Mathematical Sciences: Conformal Field Theories Associated with the Monster Simple Group

数学科学：与怪物简单群相关的共形场论

• 批准号: 9122030
• 负责人: Geoffrey Mason
• 金额: $ 9.21万
• 依托单位: University of California-Santa Cruz
• 依托单位国家: 美国
• 项目类别: Standard Grant
• 财政年份: 1992
• 资助国家: 美国
• 起止时间: 1992-03-15 至 1994-06-30
• 项目状态: 已结题
• 来源: https://www.nsf.gov/awardsearch/showAward?AWD_ID=9122030&HistoricalAwards=false
• 关键词: Mathematical; Sciences; Conformal; Field; Theories

The principal investigator will work on conformal field theories associated to the Monster simple group. These will provide the first constructions of conformal field theories on an orbifold corresponding to cyclic groups of order greater than two. Constructions based on all 23 Niemaier lattices will be investigated, with the expectation that clues to a covariant construction of the Moonshine module based on the 26-dimensional Lorentzian lattice will emerge. The principal investigator will also investigate the genus zero partition functions associated to certain sporadic groups which he has recently discovered. Some recent ideas involving the interplay between algebraic varieties and group representations will be pursued. This research is concerned with problems in group theory. In classifying the finite simple groups, a particularly large group which is called the Monster simple group was discovered. Subsequently, it has been found that the Monster simple group has interesting connections with the study of Lie algebras and with mathematical physics.
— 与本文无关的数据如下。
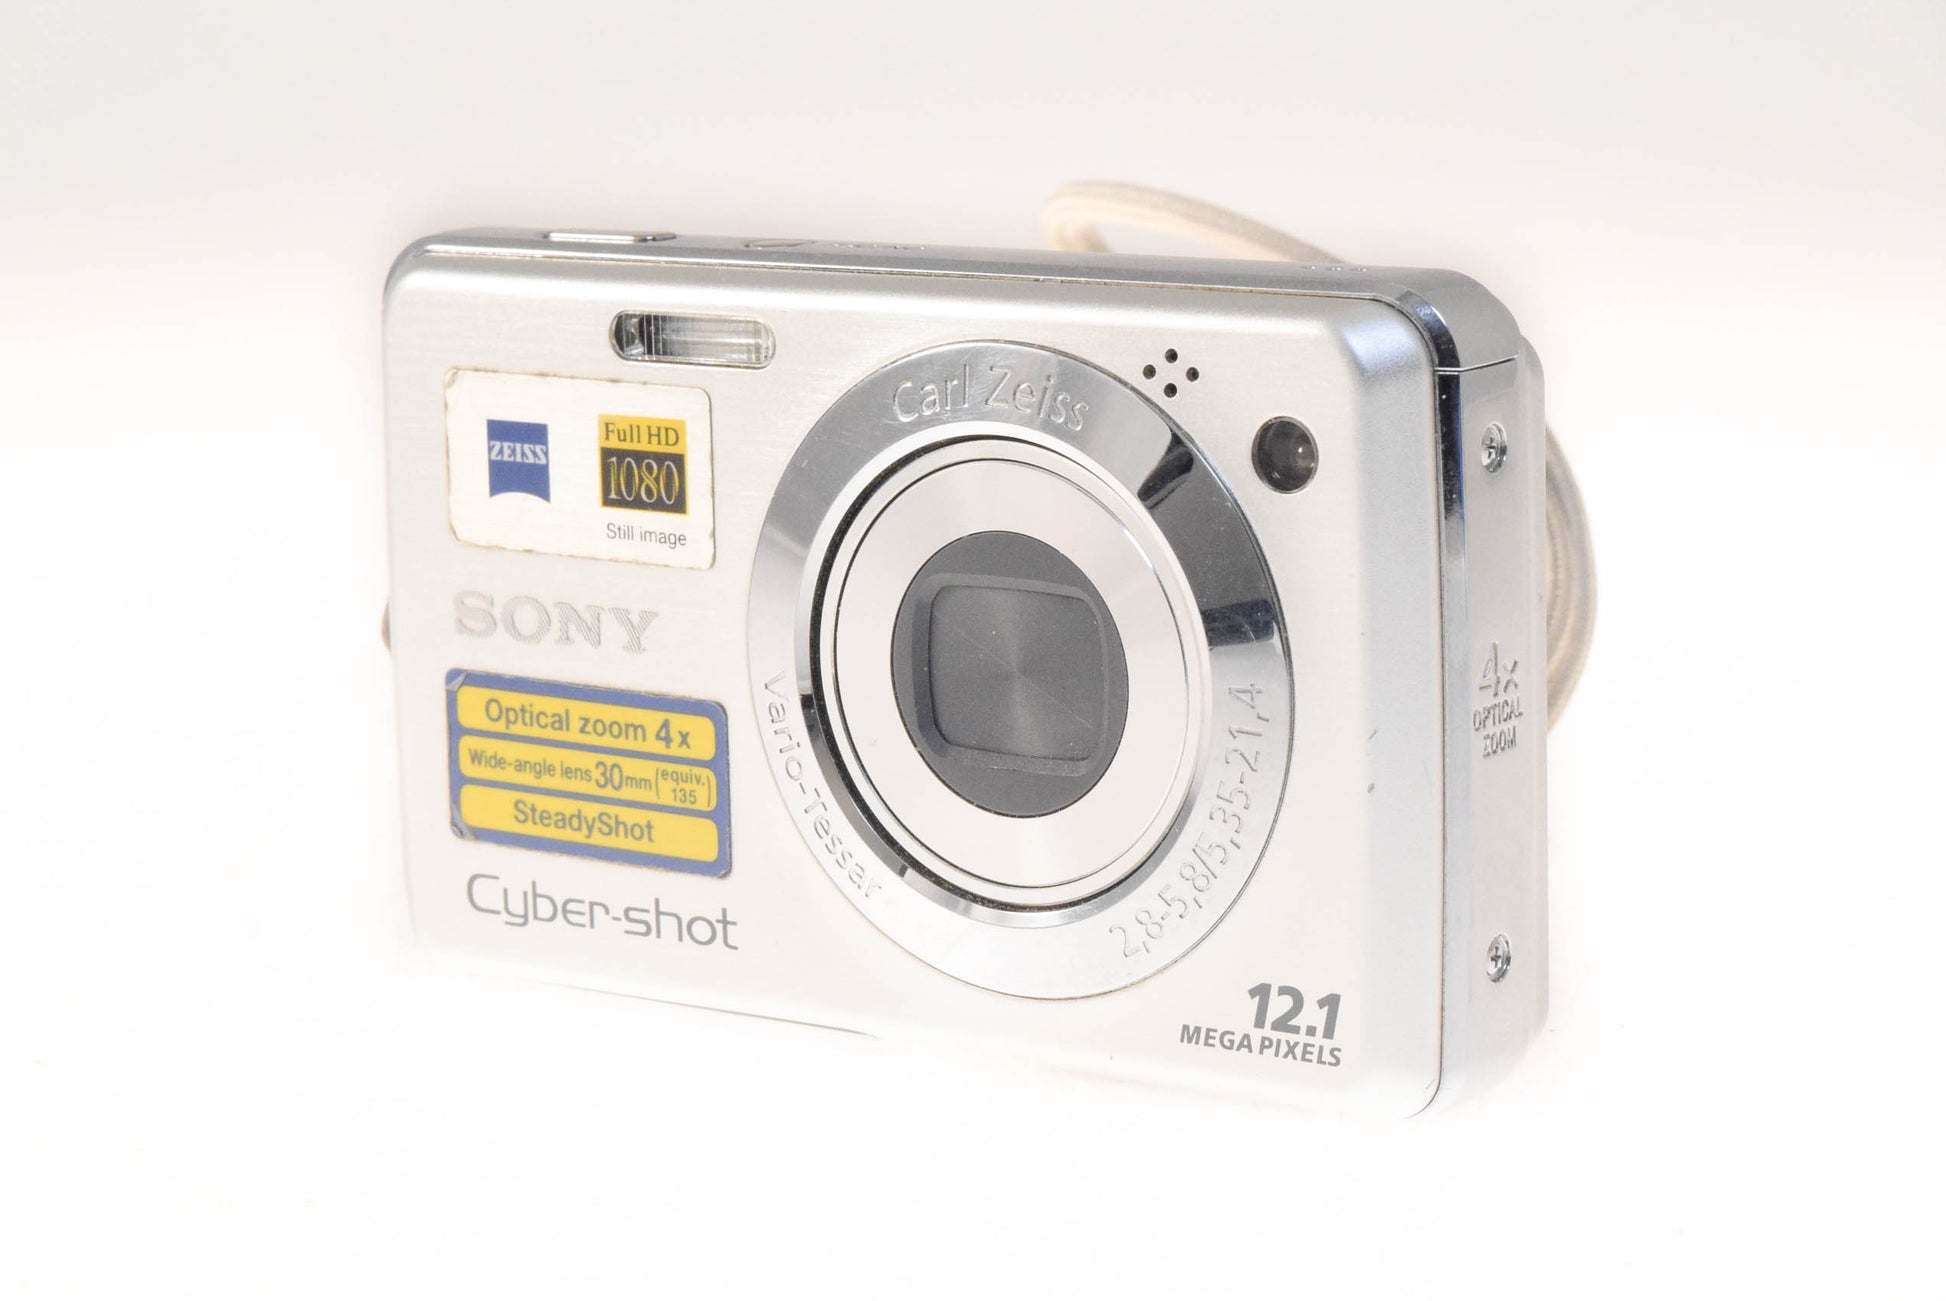 Sony CyberShot DSC-W210 Digital Compact

This particular project is aimed at better understanding these relationships.

主要研究者将从事共形场的研究 与Monster简单群相关的理论。 这些将 提供了共形场论的第一个结构， orbifold对应于阶数大于 两个. 基于所有23个Niemaier格的构造将是 调查，与期望的线索，以协变量 构建基于26维的Moonshine模块 洛伦兹晶格就会出现。 主要研究者将 还研究了亏格零配分函数， 他最近发现的一些零星的群体。 一些 代数簇之间相互作用的新思想 并将寻求团体代表。 本研究涉及群论中的问题。 在对有限单群进行分类时，一个特别大的 一个叫做Monster Simple的群被发现了。 随后，发现Monster简单组 有趣的联系与李代数的研究， 数学物理 这个项目旨在更好地 理解这些关系。